A push to bring early voting to Connecticut — and send long lines at many polling locations the way of mechanical voting machines — is regaining momentum. State Rep. William Tong, D-Stamford, this week introduced a bill, the first of the upcoming legislative session, to amend the state constitution to allow for early voting. A similar measure was defeated by voters in 2014 during a public referendum, despite support from Gov. Dannel P. Malloy and the state’s top election official, Secretary of the State Denise Merrill, who are both Democrats. Tong said it’s high time that Connecticut join 37 other states that allow anyone to cast their ballots before the election, not just those who meet the guidelines for obtaining an absentee ballot. The initiative comes after a record 1.7 million ballots were cast statewide in the November election, with long lines observed in many municipalities such as Bridgeport, Stamford, Fairfield, Milford, Norwalk and Danbury.
“For working people, that’s unacceptable,” Tong said. “I noticed on Election Day in some of my quieter districts that there were long lines by 6 a.m….and people were being turned away. That just struck me as not being right at all. If somebody gets up at 5 in the morning and races to vote, and they’re there by 6 or 6:15 to vote, they should get to do so.”

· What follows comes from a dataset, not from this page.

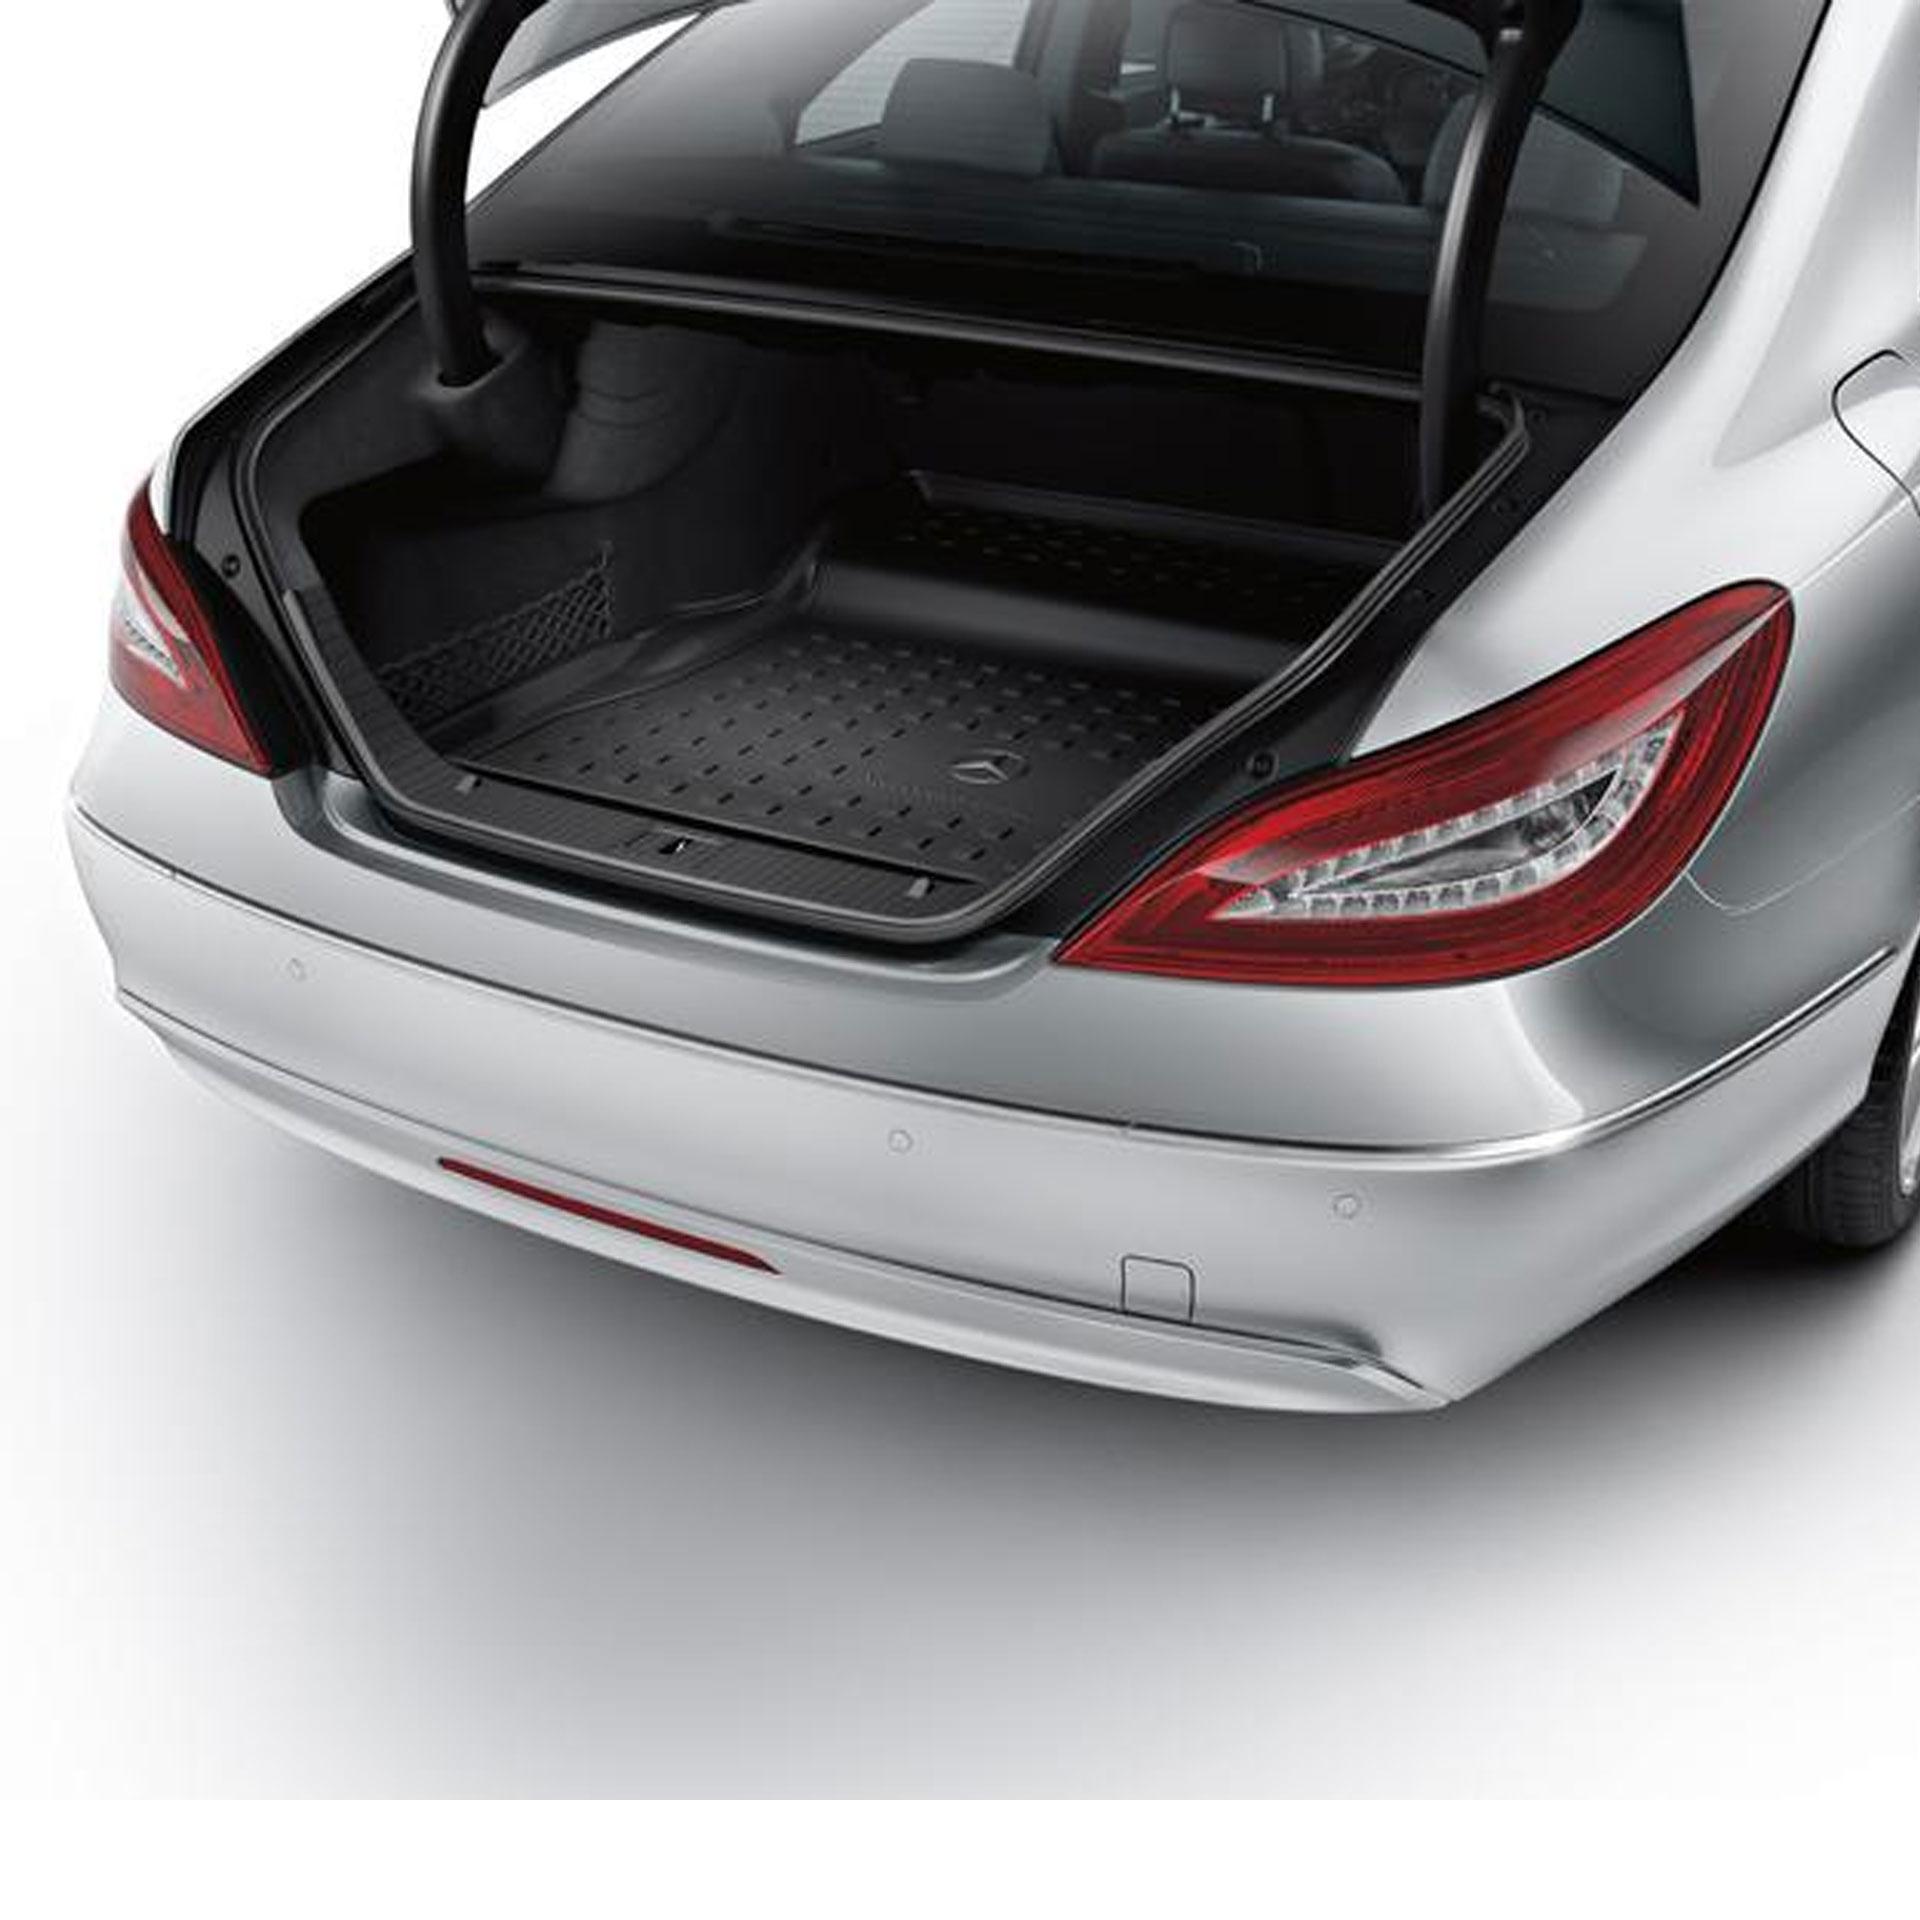 Mercedes-Benz Kofferraumwanne flach für CLS (X218)

Tong’s proposal, which was sent to the Legislative Commissioners’ Office to be drafted, will not set a timetable or process for when the first ballots could be cast. He is leaving that up to policymakers, who he said analyze and model legislation after other states with early voting.
Malloy spokeswoman Kelly Donnelly reaffirmed the governor’s support Tuesday for early voting. “States across the nation offer some form of early voting and Connecticut should join their ranks,” Donnelly said. “We must continue to work to modernize our election rules, remove barriers to the ballot box, and increase voter participation.”